Characters and Narrative Space
- Characters:
- According to their relevance in the story:
- Principal: Protagonists (who bear the weight of the action and are often opposed by antagonists) and Antagonists.
- Secondary: Supporting characters.
- According to their psychological depth:
- Flat: Incarnate stereotypes, responding to a pattern of predictable behavior.
- Round: Offer greater psychological complexity and are capable of evolving.
- According to their relevance in the story:
- Narrative Space:
- Real: Represents an objective reality (can be perceived objectively or subjectively).
- Imagined Places: Created by the narrator, appearing realistic or fantastic, as in science fiction stories (can be probable or fantastic).

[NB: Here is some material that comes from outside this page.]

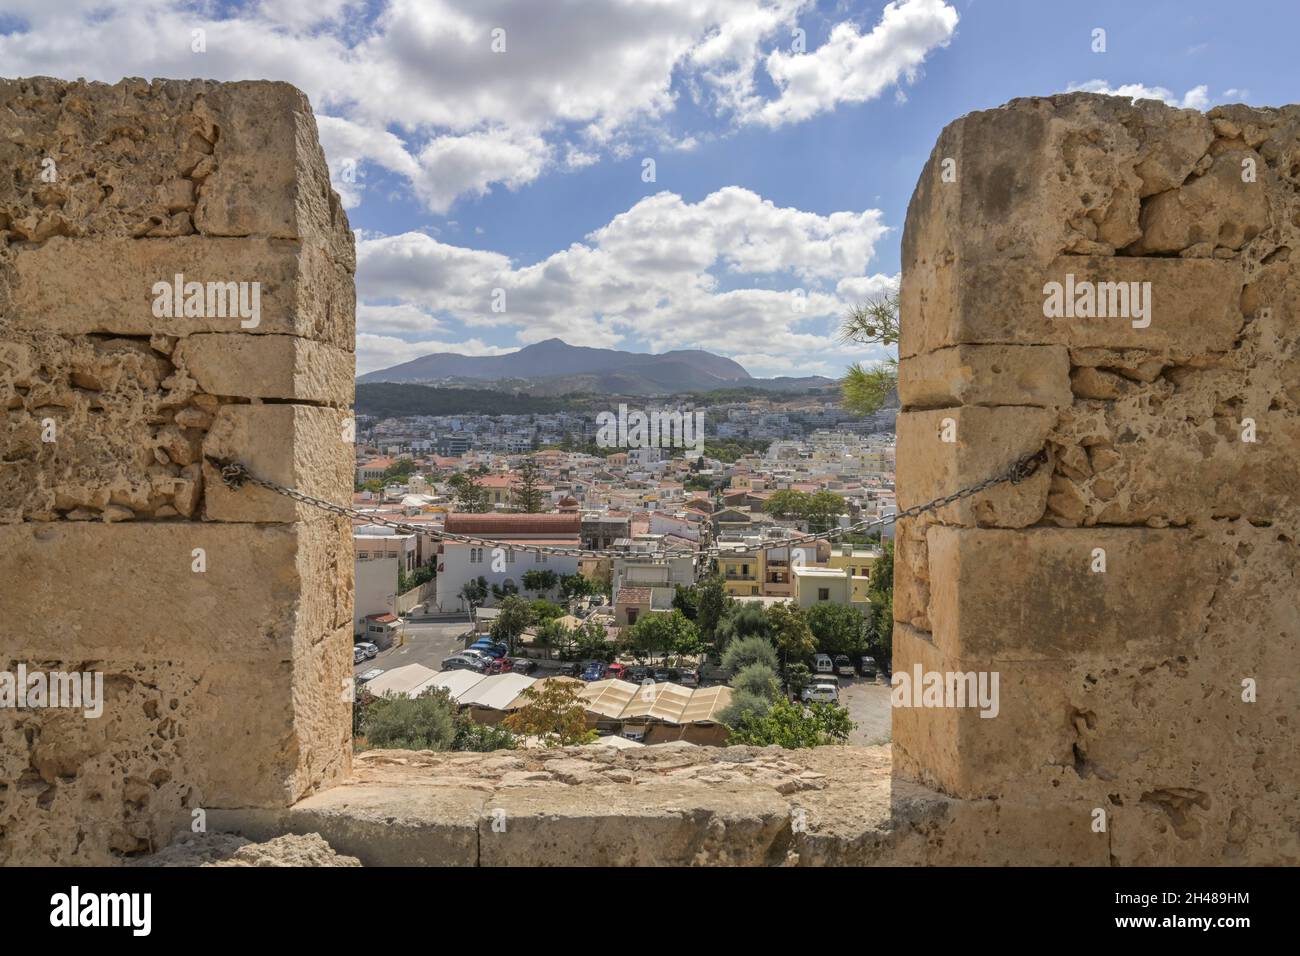 Festungsmauer, Fortezza, Rethymno, Kreta, Griechenland Stock Photo

- Temporal Expressions: Places the action using various verbal forms and temporal markers.
- Characterization: Characters are characterized by their activities, descriptions, speech (monologues and dialogues), and thoughts (direct or indirect speech).
Fundamental Sentence Types and Grammar
- Enunciative: States a fact or an object that is affirmed or denied.
- Interrogative: Asks a question.
- Exclamatory: Expresses strong emotion.
- Hortatory: Gives an order or exhortation.
- Desiderative: Expresses a desire.
- Doubtful: Expresses doubt.
- Possibility: Presents a probability or possibility.
- Phrases: A group of words playing a particular role.
- SV (Subject-Verb): Refers to the core verb or verb phrase within a sentence.